Tweetalige printerversie Eentalige printerversie

Schriftelijke vraag nr. 5-802

van Bart Laeremans (Vlaams Belang) d.d. 29 december 2010

aan de vice-eersteminister en minister van Buitenlandse Zaken en Institutionele Hervormingen

Europese Unie - Dienst voor buitenlandse betrekkingen - Oprichting - Effect op de Federale Overheidsdienst Buitenlandse Zaken

ambtenaar
ministerie
Europese Dienst voor extern optreden
taalgebruik

Chronologie

29/12/2010Verzending vraag
24/2/2011Antwoord

Vraag nr. 5-802 d.d. 29 december 2010 : (Vraag gesteld in het Nederlands)

De Europese Unie (EU) richt een uitgebreide dienst in voor de buitenlandse betrekkingen. Dat moet de lidstaten toelaten de eigen ministeries voor buitenlandse zaken te verminderen.

Graag kreeg ik een antwoord op de volgende vragen:

1. Hoeveel personeel heeft het departement van de minister nu in dienst, respectievelijk in de centrale en in de buitenlandse diensten? Met hoeveel personeel kan België voort na de oprichting van de EU-dienst?

2. Hoeveel wordt daarmede bespaard op de federale begroting?

3. Welke talen moeten de kandidaten voor die EU-dienst kennen? Komt het Nederlands daarvoor ook in aanmerking?

Antwoord ontvangen op 24 februari 2011 :

1. De Federale Overheidsdienst (FOD) Buitenlandse Zaken, Buitenlandse Handel en Ontwikkelingssamenwerking had 3 376 personen in dienst eind december 2010: Hoofdbestuur (1 150) en buitendiensten (2 226). De buitendiensten omvatten diplomaten (433), consuls (152), attachés internationale samenwerking (69), uitgezonden contractuele medewerkers (160) en lokaal aangeworven contractuelen in het buitenland (1 412).

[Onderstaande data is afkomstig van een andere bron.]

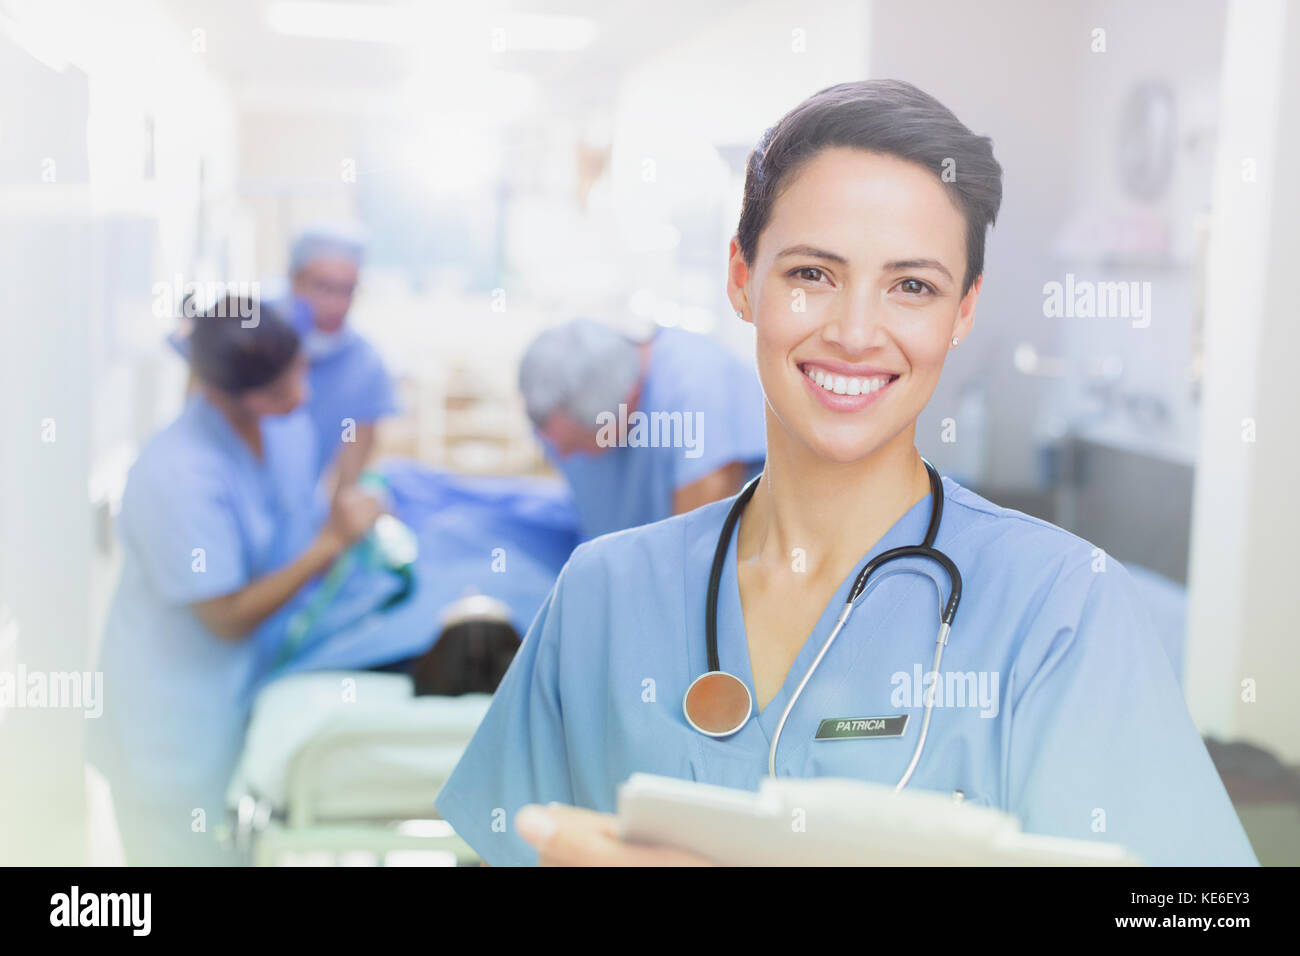 Ritratto sorridente, sicuro chirurgo femminile con appunti nel corridoio ospedaliero Foto Stock

Hier dient opgemerkt dat een aantal personeelsleden op het Hoofdbestuur deeltijds werken. Dat is ook het geval onder de lokaal in het buitenland aangeworven contractuele medewerkers.

Het is in dit stadium van oprichting van de Europese Dienst voor Extern Optreden (EDEO) te vroeg om met juistheid te zeggen hoeveel Belgische ambtenaren van de buitendiensten door de diensten van mevrouw Ashton zullen worden aangetrokken. Wel is het zo dat de EDEO zijn personeel niet enkel samenstelt uit diplomaten komende uit de nationale diplomatieke diensten, maar ook uit personeel afkomstig uit de Europese Commissie en de Europese Raad. Ik ga ervan uit dat België uiteindelijk slechts een beperkt aantal diplomaten zal leveren.

Ik moge het geachte lid erop wijzen dat onze diplomaten die een opdracht aanvaarden in de EDEO van mevrouw Ashton slechts tijdelijk afwezig zullen zijn voor een opdracht van internationale aard en bijgevolg deel blijven uitmaken – zonder financiële lasten weliswaar – van het personeelsbestand van mijn diensten.

Momenteel zijn drie diplomaten van mijn diensten geselecteerd voor de EDEO, waarvan twee hun functies hebben opgenomen in januari 2011.

2. Aangezien het aantal Belgische diplomaten dat uiteindelijk geselecteerd zal worden door de EDEO niet gekend is, kan ik onmogelijk meedelen hoeveel besparing dit tijdelijk betekent voor de federale begroting.

3. Voor de vacatures bij de Europese Dienst voor Extern Optreden wordt per functie in de functieomschrijving beschreven in welke talen de kandidaat moet kunnen werken. Concreet wordt in de functiebeschrijvingen gevraagd dat wie zich kandidaat stelt kan werken in de talen van het Gemeenschappelijk Buitenlands en Veiligheidsbeleid en van externe betrekkingen noodzakelijk voor het uitoefenen van de functie. Kennis van een andere EU-taal (zoals Nederlands) is ook een troef. Er wordt ook per post gepreciseerd of de kennis van de plaatselijke taal een noodzaak of een troef is en voor bepaalde functies is ook de kennis van een andere VN-werktaal een troef.